*Source records*
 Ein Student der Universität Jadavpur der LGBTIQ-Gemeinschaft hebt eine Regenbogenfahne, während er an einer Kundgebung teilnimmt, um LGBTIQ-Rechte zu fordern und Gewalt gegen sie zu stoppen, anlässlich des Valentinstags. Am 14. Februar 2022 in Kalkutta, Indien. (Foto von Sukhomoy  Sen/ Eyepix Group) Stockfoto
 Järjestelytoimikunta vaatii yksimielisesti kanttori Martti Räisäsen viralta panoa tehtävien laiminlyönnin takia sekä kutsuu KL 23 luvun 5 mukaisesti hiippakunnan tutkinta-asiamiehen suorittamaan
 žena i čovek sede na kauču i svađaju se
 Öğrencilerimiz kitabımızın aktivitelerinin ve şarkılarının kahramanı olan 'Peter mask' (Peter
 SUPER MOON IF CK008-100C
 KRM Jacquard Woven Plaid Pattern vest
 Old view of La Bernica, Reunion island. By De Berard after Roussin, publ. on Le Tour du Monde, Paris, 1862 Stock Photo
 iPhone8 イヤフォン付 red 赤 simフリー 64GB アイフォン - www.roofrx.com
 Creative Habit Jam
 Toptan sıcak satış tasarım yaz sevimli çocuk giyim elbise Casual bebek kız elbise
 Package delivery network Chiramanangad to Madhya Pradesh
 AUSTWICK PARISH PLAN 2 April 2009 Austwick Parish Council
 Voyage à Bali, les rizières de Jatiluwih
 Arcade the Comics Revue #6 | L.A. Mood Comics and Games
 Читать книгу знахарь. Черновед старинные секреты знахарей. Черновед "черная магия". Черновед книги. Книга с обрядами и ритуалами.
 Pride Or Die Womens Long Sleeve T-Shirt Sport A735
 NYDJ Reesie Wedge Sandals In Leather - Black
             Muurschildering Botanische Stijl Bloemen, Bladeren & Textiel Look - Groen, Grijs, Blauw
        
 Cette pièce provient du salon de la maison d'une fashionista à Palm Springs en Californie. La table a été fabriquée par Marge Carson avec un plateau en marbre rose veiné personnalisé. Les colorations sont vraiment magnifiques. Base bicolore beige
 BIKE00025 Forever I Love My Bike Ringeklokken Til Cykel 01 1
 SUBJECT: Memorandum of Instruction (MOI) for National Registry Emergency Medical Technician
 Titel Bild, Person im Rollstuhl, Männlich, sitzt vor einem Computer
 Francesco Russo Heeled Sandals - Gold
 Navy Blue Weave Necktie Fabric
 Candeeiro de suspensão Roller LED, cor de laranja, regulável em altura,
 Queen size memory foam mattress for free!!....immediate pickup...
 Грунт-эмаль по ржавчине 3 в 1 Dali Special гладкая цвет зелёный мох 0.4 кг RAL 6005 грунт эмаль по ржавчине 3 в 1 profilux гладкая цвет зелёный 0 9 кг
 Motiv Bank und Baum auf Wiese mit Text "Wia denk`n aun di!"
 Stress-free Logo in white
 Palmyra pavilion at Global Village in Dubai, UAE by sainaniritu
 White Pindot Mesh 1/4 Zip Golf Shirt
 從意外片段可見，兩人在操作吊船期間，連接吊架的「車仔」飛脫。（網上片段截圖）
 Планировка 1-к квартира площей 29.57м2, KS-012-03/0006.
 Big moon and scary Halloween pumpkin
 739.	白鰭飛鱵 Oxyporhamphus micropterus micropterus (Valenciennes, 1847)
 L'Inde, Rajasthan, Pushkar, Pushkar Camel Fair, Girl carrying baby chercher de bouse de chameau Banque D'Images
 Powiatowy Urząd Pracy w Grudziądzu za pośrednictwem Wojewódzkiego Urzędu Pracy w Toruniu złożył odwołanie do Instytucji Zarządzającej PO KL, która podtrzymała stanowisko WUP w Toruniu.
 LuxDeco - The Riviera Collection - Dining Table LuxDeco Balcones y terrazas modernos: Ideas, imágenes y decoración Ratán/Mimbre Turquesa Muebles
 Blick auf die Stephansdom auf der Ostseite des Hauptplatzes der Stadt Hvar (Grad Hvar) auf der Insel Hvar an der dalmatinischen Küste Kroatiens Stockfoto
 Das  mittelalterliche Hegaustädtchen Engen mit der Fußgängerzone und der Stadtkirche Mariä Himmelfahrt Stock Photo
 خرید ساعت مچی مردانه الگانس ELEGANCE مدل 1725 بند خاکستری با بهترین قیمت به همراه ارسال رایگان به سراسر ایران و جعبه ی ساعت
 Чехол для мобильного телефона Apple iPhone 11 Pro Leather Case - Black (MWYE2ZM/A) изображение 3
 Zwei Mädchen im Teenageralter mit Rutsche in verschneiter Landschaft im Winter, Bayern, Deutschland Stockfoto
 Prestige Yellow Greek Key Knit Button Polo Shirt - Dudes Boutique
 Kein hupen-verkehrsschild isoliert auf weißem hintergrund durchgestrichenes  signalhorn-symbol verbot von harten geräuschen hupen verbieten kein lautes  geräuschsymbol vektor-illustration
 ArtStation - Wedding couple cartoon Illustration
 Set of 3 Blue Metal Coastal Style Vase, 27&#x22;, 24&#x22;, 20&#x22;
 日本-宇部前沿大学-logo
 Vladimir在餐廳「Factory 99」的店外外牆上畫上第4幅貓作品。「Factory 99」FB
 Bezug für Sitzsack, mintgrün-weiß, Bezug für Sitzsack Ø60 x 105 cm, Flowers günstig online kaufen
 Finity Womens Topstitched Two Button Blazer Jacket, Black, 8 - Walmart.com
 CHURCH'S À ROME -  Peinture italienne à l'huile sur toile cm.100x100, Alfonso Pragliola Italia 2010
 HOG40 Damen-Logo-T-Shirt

*Assignment*
Write out an exact transcription of the line with "Bezug für Sitzsack, mintgrün-weiß, Bezug" and of each line after it; stop at the end of the records.

*Problem solution*
 Bezug für Sitzsack, mintgrün-weiß, Bezug für Sitzsack Ø60 x 105 cm, Flowers günstig online kaufen
 Finity Womens Topstitched Two Button Blazer Jacket, Black, 8 - Walmart.com
 CHURCH'S À ROME -  Peinture italienne à l'huile sur toile cm.100x100, Alfonso Pragliola Italia 2010
 HOG40 Damen-Logo-T-Shirt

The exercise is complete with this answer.